## [Exercise aim]
Copy each line below word for word and drop every image.

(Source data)
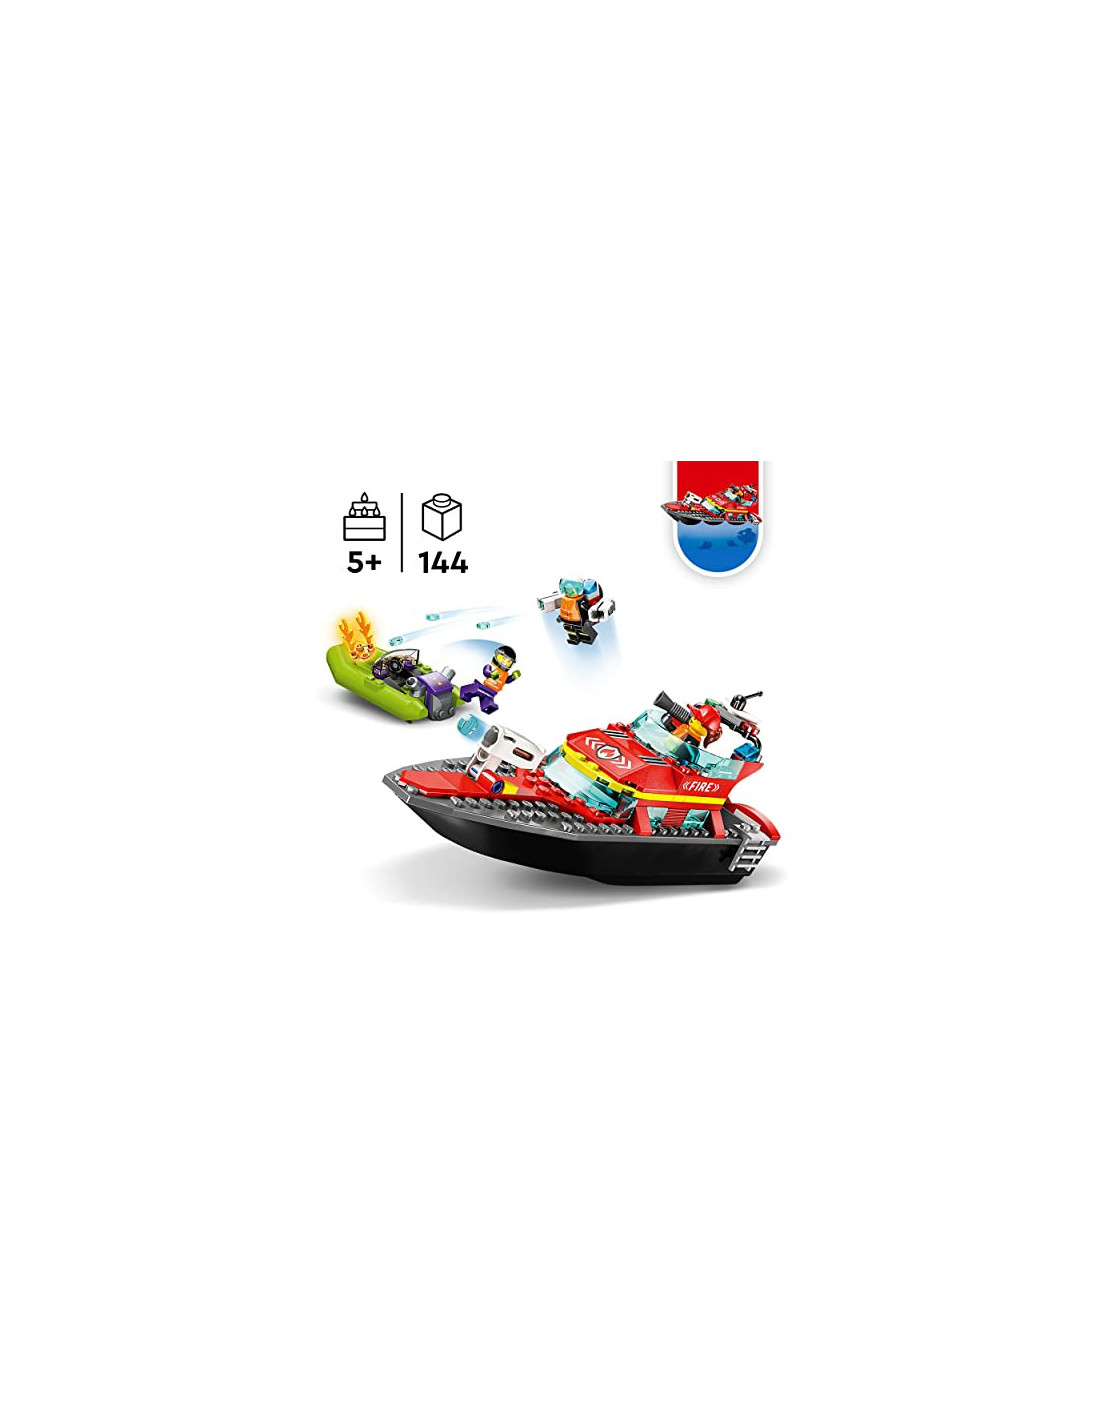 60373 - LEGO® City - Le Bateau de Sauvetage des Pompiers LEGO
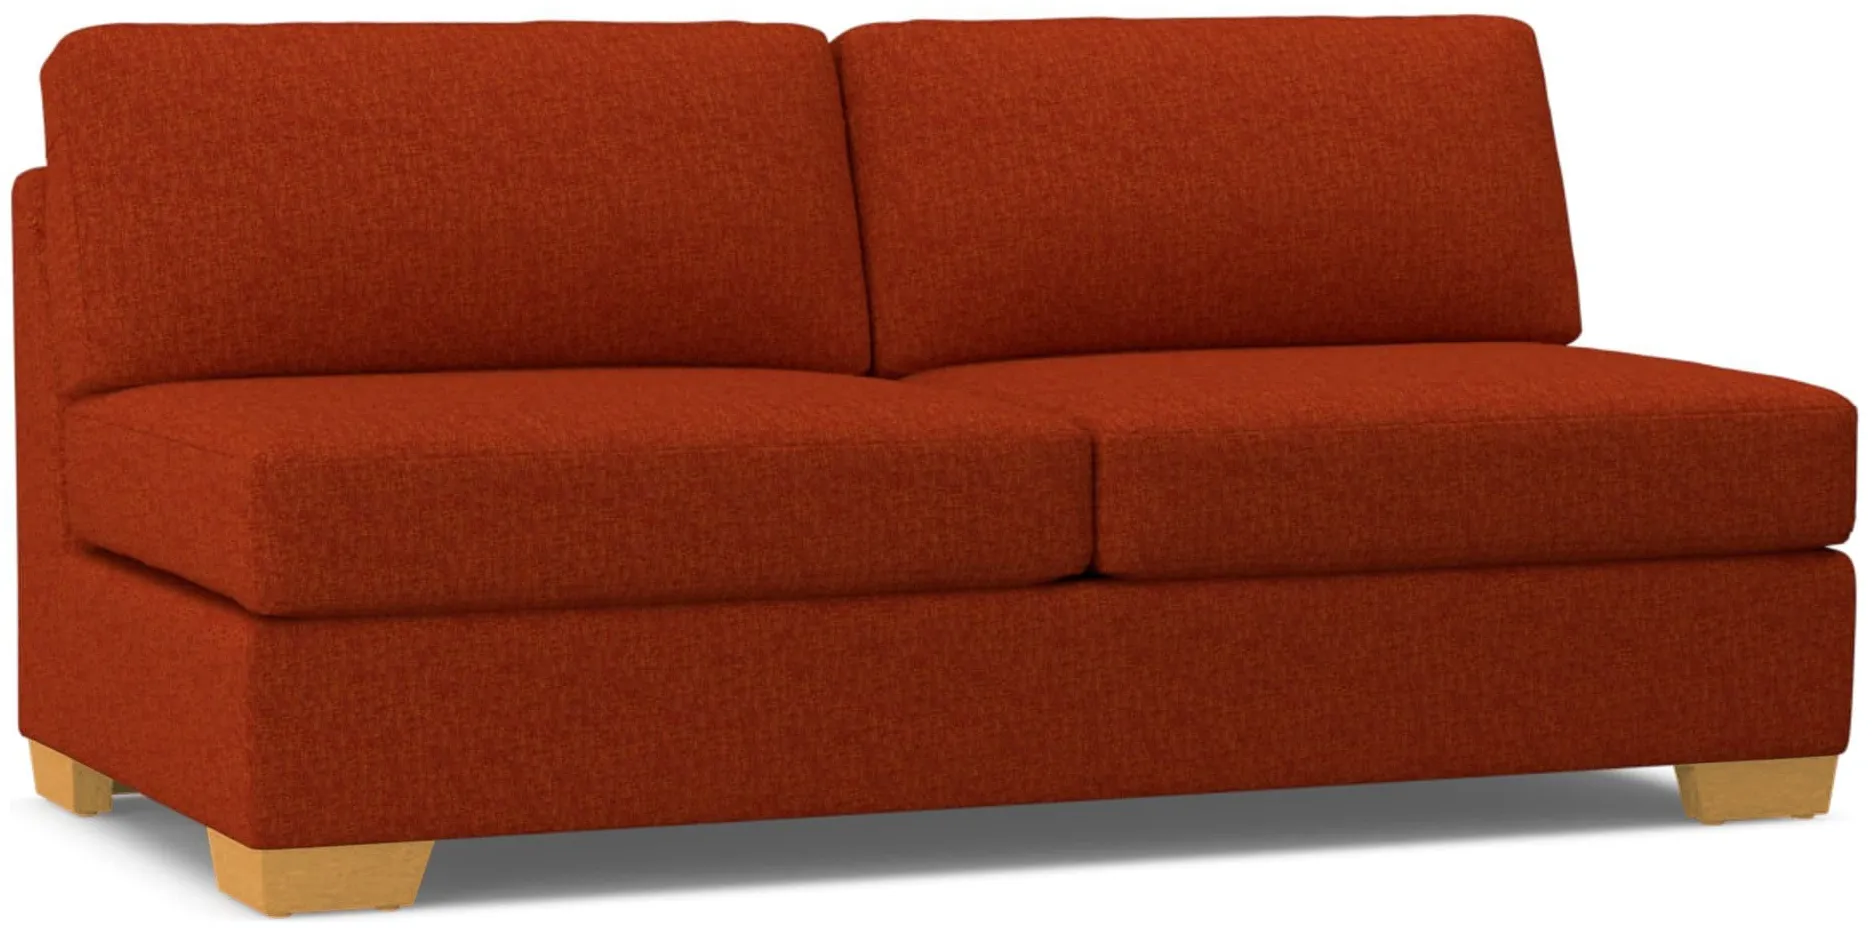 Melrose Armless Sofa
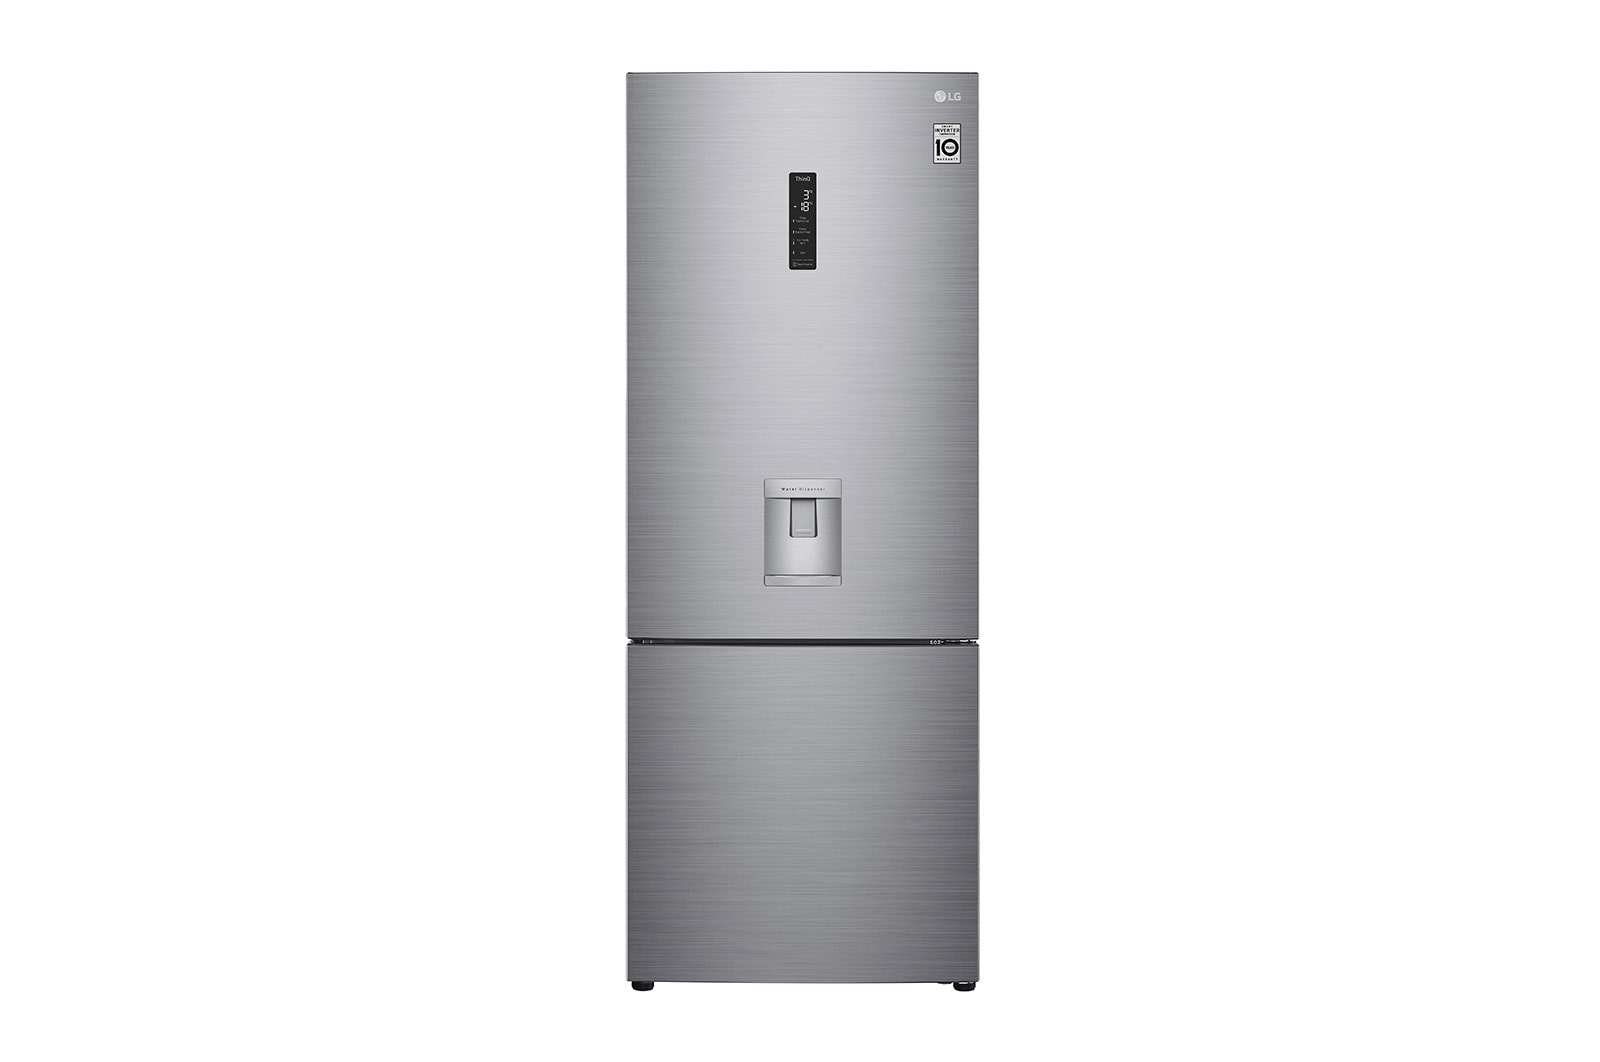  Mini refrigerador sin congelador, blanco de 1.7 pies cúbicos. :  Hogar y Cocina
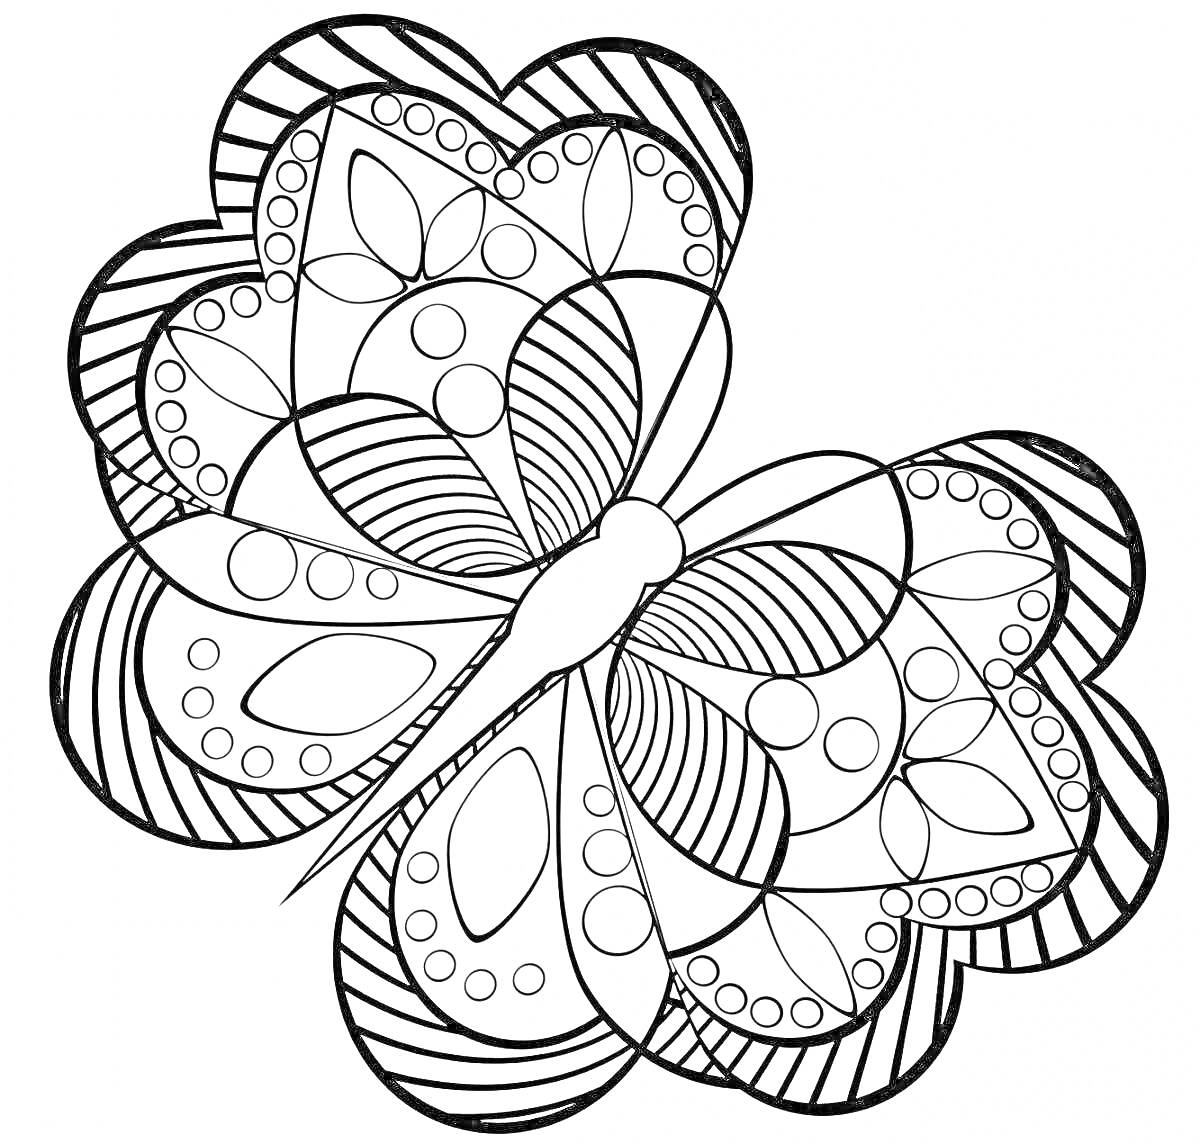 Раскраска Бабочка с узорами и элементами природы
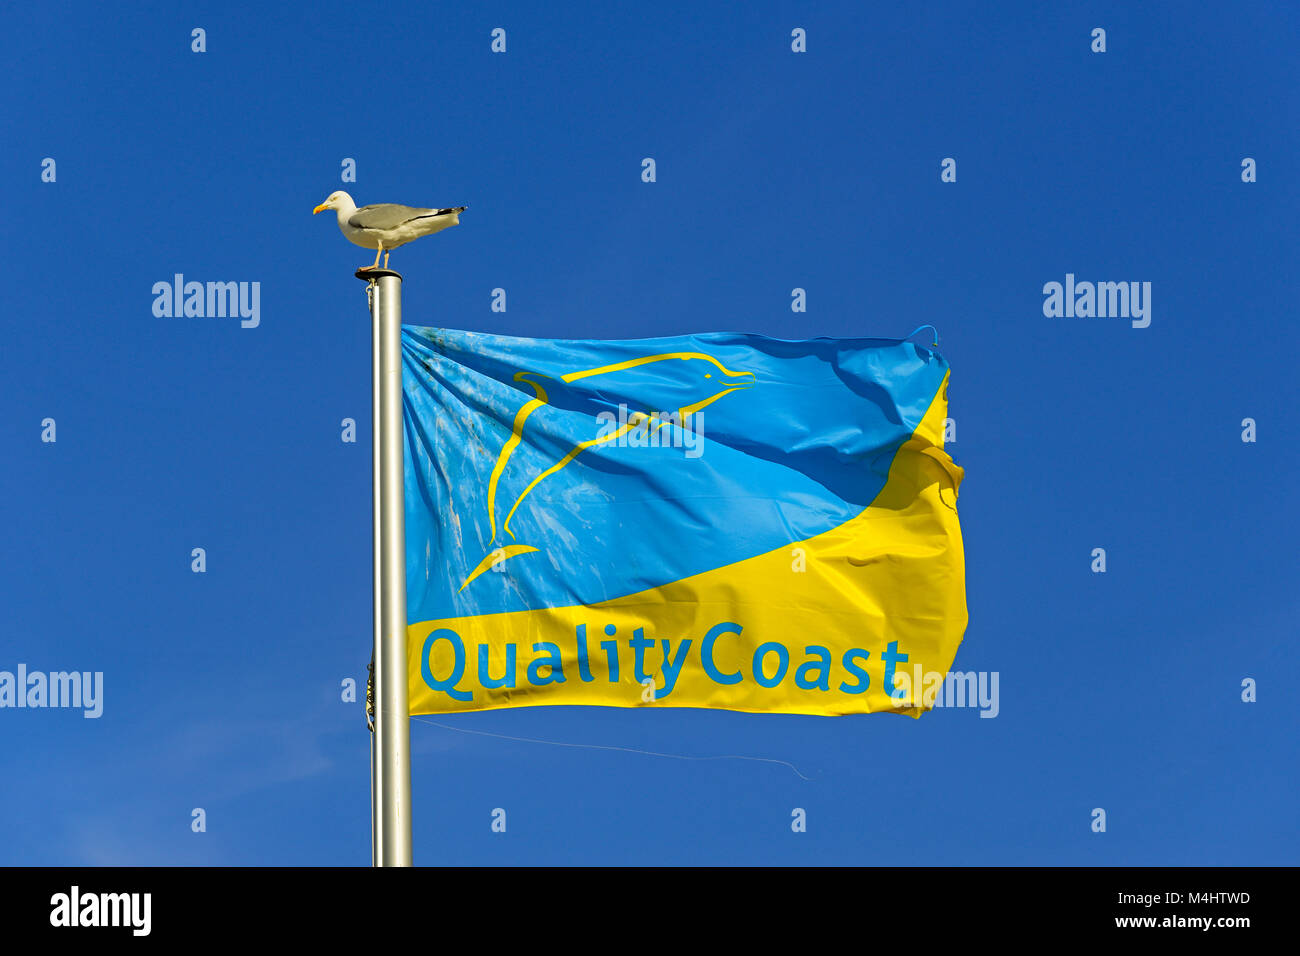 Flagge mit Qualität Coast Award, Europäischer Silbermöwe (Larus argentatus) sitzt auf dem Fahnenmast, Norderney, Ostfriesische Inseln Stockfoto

## [Finished task]
 60373 - LEGO® City - Le Bateau de Sauvetage des Pompiers LEGO
 Melrose Armless Sofa
  Mini refrigerador sin congelador, blanco de 1.7 pies cúbicos. :  Hogar y Cocina
 Раскраска Бабочка с узорами и элементами природы
 Flagge mit Qualität Coast Award, Europäischer Silbermöwe (Larus argentatus) sitzt auf dem Fahnenmast, Norderney, Ostfriesische Inseln Stockfoto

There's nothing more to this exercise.